EU President rejects the idea of loose trade deal with the UK
The EU will only offer Britain unique access to its vast single market if the UK agrees to stick to the bloc’s standards, says European Commission President Ursula von der Leyen
The EU will only offer Britain unique access to its vast single market if the UK agrees to stick to the bloc’s standards, European Commission President Ursula von der Leyen said Tuesday, dismissing British Prime Minister Boris Johnson’s idea of brokering a loose trade deal with the EU.
Von der Leyen said she was surprised Johnson even raised the possibility that Britain would accept Australia-style trade arrangements, including quotas and tariffs, if his government can’t reach a comprehensive agreement with the EU.
She criticized Johnson’s plan Tuesday in front of a small audience at the European Parliament in Strasbourg, France.
Australia without any doubt is a strong and like-minded partner, but the EU does not have a trade agreement with Australia, said von der Leyen, the head of the bloc’s powerful executive arm. We are currently trading on WTO (World Trade Organization) terms.
Von der Leyen added, if this is the British choice, we are fine with that without any question. But in fact, we just are in the moment where we are agreeing with Australia that we must end this situation and we work in a trade deal with them.
Britain left the EU on Jan. 31 — the first nation ever to do so — but it is continuing to follow EU regulations at least until the end of the year. During the transition period, the British government and EU leaders will try to negotiate a free trade deal and agreements covering other areas like security cooperation.
Britain wants the trade agreement to cover goods and services and exclude almost all tariffs. However, Johnson has been adamant that the UK won’t keep following all of the EU’s regulations. To strike deals with other countries, Johnson wants the flexibility to subscribe to varying standards for areas such as competition, state aid or even the environment. Some British businesses have expressed alarm that the government is watering down its commitment to keeping trade with the EU as frictionless as possible.
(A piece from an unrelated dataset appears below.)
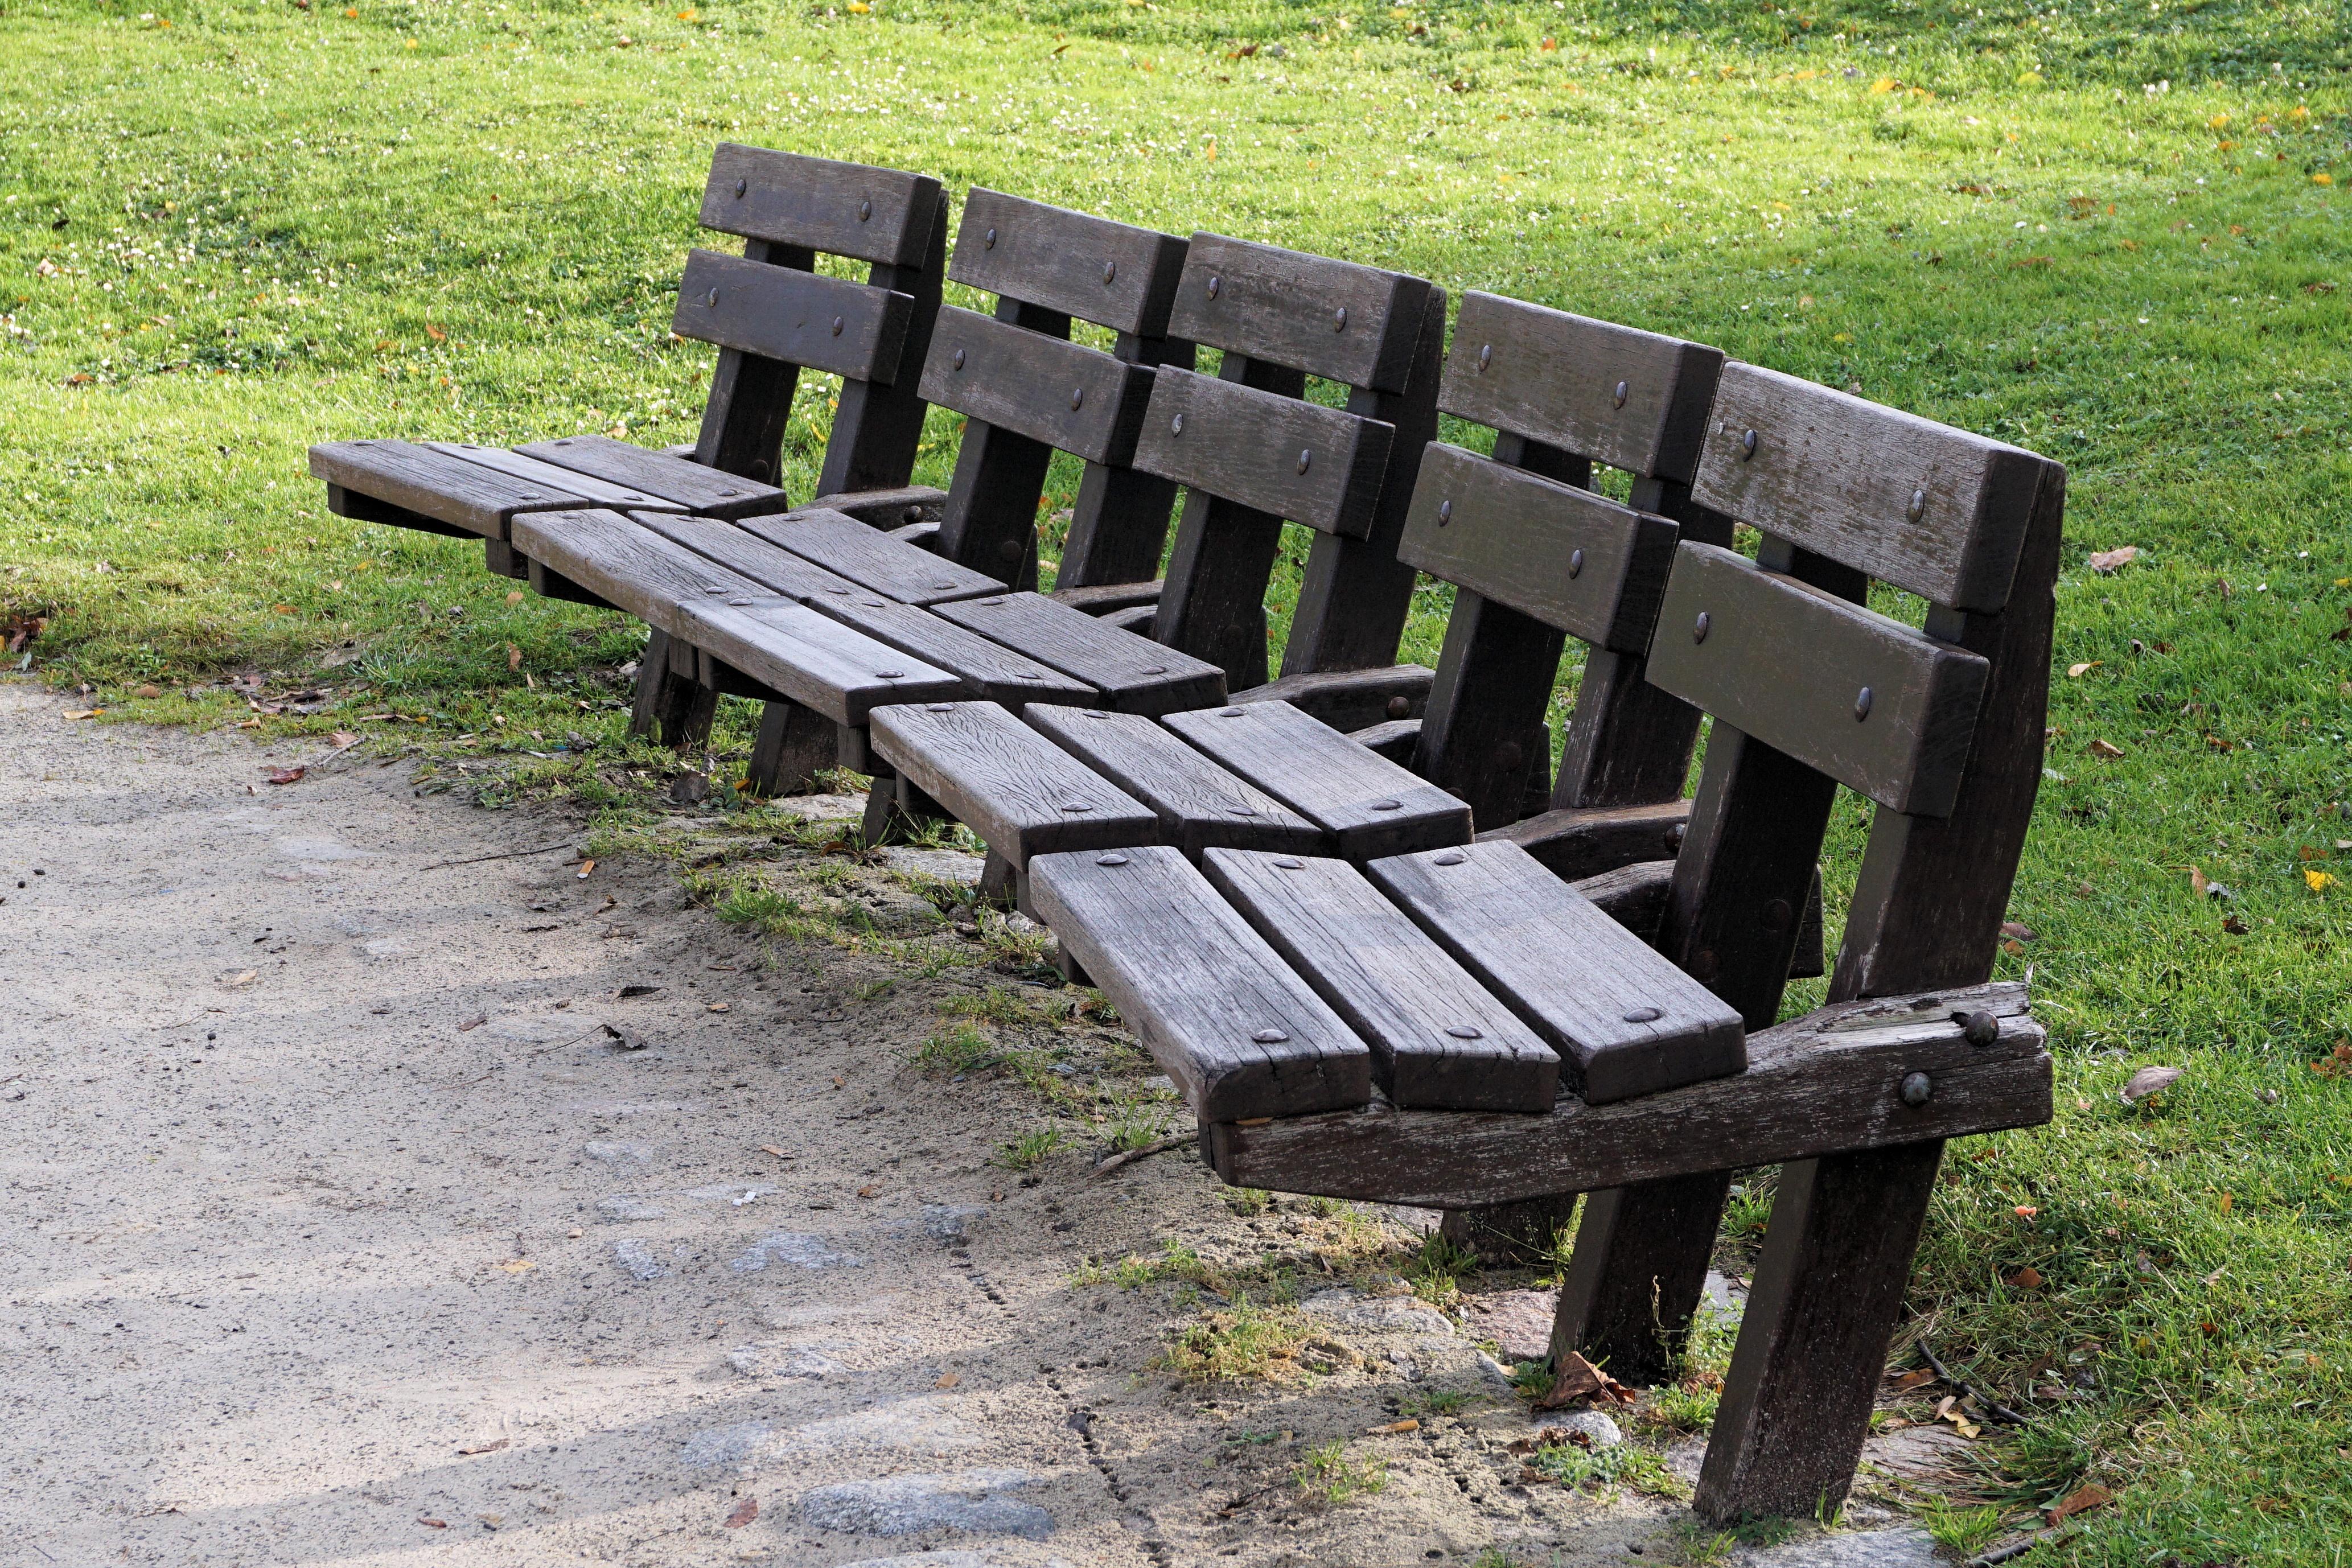 Fotos gratis : madera, banco, asiento, relajarse, descanso, mueble ...

Andrew Opie of the British Retail Consortium said that unless the government acted fast to set up border infrastructure, UK customers could see shortages of fresh fruit and vegetables.
It is not enough to announce checks will take place, we must see plans now as to how this will be possible in practice, or it will be consumers who suffer on Jan. 1, he said.
Von der Leyen insisted that the 27-nation EU is offering Britain “something we have never offered before to anybody else” on the condition that the former EU nation guarantees fair competition and protections for workers and the environment.
Michel Barnier, the EU’s chief negotiator, warned that business between the UK and the EU won’t be status quo after the transition period ends if the parties have not reached a trade accord; tariffs and quotas would be immediately implemented on all British products.